** What is needed **
Write out, without any change, the lines in the material below that run from the line with "Mieszkanie 29,75 m², piętro" through the line with "näytökseen. Kevätrieha Sunnuntaina", both included.

** Provided data **
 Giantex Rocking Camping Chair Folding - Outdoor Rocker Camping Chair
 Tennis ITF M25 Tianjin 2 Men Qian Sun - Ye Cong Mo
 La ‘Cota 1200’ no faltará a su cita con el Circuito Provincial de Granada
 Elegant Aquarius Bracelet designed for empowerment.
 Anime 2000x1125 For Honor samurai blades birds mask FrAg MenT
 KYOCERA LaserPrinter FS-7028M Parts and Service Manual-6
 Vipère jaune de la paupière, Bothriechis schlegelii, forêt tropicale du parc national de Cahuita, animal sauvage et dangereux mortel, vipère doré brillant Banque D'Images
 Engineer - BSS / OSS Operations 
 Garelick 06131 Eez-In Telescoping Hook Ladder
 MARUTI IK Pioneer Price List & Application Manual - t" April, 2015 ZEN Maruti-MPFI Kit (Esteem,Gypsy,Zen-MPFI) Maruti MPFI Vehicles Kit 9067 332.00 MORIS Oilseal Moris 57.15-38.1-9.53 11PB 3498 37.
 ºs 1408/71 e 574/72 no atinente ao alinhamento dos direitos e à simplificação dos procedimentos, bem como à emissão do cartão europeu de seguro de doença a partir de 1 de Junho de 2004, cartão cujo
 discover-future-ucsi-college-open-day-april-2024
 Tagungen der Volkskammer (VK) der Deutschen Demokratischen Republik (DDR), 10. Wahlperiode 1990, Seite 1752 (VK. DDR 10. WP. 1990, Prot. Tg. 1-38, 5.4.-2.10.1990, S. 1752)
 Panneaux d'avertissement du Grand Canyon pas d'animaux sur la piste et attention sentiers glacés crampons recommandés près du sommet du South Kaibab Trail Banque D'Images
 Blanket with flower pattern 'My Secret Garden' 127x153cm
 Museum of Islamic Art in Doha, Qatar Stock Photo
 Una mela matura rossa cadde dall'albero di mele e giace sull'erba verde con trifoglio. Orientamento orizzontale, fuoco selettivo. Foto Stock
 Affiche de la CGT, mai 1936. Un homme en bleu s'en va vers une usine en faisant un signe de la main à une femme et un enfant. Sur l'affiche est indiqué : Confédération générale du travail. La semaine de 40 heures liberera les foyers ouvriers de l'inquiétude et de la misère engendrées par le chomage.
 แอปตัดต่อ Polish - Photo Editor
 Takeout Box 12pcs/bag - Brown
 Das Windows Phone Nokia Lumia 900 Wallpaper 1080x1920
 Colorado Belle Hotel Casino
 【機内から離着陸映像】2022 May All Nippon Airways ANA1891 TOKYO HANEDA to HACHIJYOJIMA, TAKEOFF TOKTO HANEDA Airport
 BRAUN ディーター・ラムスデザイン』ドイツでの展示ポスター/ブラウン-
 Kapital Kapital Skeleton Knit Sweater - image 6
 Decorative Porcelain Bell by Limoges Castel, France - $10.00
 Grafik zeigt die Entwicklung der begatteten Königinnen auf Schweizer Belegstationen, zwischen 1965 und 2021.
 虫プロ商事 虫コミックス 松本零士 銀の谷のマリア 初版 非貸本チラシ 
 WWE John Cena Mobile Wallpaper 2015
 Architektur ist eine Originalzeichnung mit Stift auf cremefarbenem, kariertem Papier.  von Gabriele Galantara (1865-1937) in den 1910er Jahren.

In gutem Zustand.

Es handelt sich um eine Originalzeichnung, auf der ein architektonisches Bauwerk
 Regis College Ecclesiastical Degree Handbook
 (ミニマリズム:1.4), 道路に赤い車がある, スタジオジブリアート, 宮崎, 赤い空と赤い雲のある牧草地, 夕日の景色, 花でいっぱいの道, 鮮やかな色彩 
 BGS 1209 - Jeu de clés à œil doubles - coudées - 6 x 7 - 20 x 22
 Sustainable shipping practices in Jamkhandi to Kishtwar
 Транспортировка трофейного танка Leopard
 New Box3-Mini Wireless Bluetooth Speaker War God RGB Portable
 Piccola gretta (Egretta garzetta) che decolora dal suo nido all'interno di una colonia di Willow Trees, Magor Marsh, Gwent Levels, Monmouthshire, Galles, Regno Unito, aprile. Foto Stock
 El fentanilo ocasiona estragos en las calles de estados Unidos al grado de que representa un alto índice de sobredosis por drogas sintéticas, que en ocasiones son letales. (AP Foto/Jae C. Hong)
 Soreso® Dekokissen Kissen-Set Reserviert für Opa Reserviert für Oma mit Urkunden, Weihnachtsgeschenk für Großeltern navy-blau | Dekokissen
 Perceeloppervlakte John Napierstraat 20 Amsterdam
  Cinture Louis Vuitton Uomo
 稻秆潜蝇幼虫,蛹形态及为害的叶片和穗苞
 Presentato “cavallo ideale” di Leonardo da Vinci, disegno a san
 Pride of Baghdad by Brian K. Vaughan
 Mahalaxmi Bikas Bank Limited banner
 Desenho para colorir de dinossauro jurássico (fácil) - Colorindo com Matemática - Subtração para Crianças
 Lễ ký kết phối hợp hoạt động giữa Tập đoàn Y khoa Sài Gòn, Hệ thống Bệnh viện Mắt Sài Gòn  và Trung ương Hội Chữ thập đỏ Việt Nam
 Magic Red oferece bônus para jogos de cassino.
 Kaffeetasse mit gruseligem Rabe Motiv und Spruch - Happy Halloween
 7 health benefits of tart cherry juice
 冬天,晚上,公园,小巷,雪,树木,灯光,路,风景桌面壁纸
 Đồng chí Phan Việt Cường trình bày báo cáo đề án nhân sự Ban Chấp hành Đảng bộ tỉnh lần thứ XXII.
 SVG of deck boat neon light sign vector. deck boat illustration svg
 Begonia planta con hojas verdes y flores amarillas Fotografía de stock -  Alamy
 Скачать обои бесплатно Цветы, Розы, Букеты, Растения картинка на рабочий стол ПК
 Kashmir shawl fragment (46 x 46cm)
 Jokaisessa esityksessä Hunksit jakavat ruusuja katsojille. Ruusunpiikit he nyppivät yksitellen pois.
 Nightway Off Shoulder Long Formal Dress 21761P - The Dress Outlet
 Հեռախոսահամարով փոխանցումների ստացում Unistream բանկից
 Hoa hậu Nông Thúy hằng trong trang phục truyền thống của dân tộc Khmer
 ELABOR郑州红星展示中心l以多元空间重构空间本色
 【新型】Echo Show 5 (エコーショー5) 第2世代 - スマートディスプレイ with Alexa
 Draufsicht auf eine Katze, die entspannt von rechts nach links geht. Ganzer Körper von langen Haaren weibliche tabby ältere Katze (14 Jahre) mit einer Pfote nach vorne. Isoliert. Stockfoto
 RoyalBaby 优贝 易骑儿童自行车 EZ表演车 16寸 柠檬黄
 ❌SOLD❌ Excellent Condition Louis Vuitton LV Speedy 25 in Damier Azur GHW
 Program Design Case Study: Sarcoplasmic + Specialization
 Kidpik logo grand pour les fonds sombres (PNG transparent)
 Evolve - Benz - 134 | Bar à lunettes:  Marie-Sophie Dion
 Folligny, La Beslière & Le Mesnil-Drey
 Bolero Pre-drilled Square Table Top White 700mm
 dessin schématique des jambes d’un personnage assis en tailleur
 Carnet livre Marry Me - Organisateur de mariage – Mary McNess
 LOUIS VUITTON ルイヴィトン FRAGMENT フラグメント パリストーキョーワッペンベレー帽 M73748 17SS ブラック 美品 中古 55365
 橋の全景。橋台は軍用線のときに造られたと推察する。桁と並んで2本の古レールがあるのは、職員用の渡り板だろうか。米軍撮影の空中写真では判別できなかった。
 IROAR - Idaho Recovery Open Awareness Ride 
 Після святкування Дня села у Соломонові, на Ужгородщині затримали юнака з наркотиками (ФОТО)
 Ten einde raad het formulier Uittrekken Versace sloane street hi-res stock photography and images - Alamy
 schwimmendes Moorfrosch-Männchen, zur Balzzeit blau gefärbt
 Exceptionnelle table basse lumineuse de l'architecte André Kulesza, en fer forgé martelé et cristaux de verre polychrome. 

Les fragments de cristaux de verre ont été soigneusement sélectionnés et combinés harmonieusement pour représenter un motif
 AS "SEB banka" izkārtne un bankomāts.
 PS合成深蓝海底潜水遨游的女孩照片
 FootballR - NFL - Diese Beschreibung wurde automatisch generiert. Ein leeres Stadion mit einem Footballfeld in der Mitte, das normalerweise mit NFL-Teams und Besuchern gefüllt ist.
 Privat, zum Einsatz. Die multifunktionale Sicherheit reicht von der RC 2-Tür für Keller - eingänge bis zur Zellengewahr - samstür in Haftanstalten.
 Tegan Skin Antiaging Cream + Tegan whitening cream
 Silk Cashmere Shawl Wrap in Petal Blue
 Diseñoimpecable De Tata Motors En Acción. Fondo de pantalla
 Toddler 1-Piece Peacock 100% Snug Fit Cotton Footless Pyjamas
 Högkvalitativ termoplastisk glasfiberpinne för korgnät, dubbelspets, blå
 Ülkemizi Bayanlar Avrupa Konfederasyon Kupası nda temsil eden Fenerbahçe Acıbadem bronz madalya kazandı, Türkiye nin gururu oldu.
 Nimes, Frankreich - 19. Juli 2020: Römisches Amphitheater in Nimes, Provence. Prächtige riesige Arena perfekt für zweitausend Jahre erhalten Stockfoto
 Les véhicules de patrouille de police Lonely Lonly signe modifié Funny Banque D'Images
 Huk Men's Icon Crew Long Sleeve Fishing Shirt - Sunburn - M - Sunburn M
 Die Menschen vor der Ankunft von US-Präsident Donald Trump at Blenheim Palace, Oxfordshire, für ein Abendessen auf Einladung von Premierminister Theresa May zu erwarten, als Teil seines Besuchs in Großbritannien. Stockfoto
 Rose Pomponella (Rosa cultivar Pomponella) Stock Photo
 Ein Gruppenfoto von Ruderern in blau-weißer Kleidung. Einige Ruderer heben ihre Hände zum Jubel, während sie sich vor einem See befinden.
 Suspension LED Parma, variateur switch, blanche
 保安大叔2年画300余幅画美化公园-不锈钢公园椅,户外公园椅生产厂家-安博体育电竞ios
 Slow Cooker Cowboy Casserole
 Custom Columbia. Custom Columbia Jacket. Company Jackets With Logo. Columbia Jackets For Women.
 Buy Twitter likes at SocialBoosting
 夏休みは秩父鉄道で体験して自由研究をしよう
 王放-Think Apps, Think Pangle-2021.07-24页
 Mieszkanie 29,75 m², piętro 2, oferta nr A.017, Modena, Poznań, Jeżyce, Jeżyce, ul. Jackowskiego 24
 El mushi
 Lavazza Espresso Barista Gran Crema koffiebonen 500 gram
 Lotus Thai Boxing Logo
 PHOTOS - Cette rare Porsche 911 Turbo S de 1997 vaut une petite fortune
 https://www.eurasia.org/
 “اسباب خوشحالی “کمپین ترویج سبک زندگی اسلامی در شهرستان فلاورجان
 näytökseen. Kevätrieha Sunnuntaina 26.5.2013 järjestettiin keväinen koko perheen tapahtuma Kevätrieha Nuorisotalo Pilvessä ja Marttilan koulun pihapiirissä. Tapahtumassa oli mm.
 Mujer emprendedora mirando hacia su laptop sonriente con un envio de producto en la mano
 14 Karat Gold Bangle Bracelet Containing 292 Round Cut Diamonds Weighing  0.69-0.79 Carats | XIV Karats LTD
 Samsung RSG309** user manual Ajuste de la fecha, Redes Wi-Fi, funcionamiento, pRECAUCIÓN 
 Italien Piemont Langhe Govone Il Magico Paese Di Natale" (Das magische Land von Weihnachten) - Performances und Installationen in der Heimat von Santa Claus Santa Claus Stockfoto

** Worked solution **
 Mieszkanie 29,75 m², piętro 2, oferta nr A.017, Modena, Poznań, Jeżyce, Jeżyce, ul. Jackowskiego 24
 El mushi
 Lavazza Espresso Barista Gran Crema koffiebonen 500 gram
 Lotus Thai Boxing Logo
 PHOTOS - Cette rare Porsche 911 Turbo S de 1997 vaut une petite fortune
 https://www.eurasia.org/
 “اسباب خوشحالی “کمپین ترویج سبک زندگی اسلامی در شهرستان فلاورجان
 näytökseen. Kevätrieha Sunnuntaina 26.5.2013 järjestettiin keväinen koko perheen tapahtuma Kevätrieha Nuorisotalo Pilvessä ja Marttilan koulun pihapiirissä. Tapahtumassa oli mm.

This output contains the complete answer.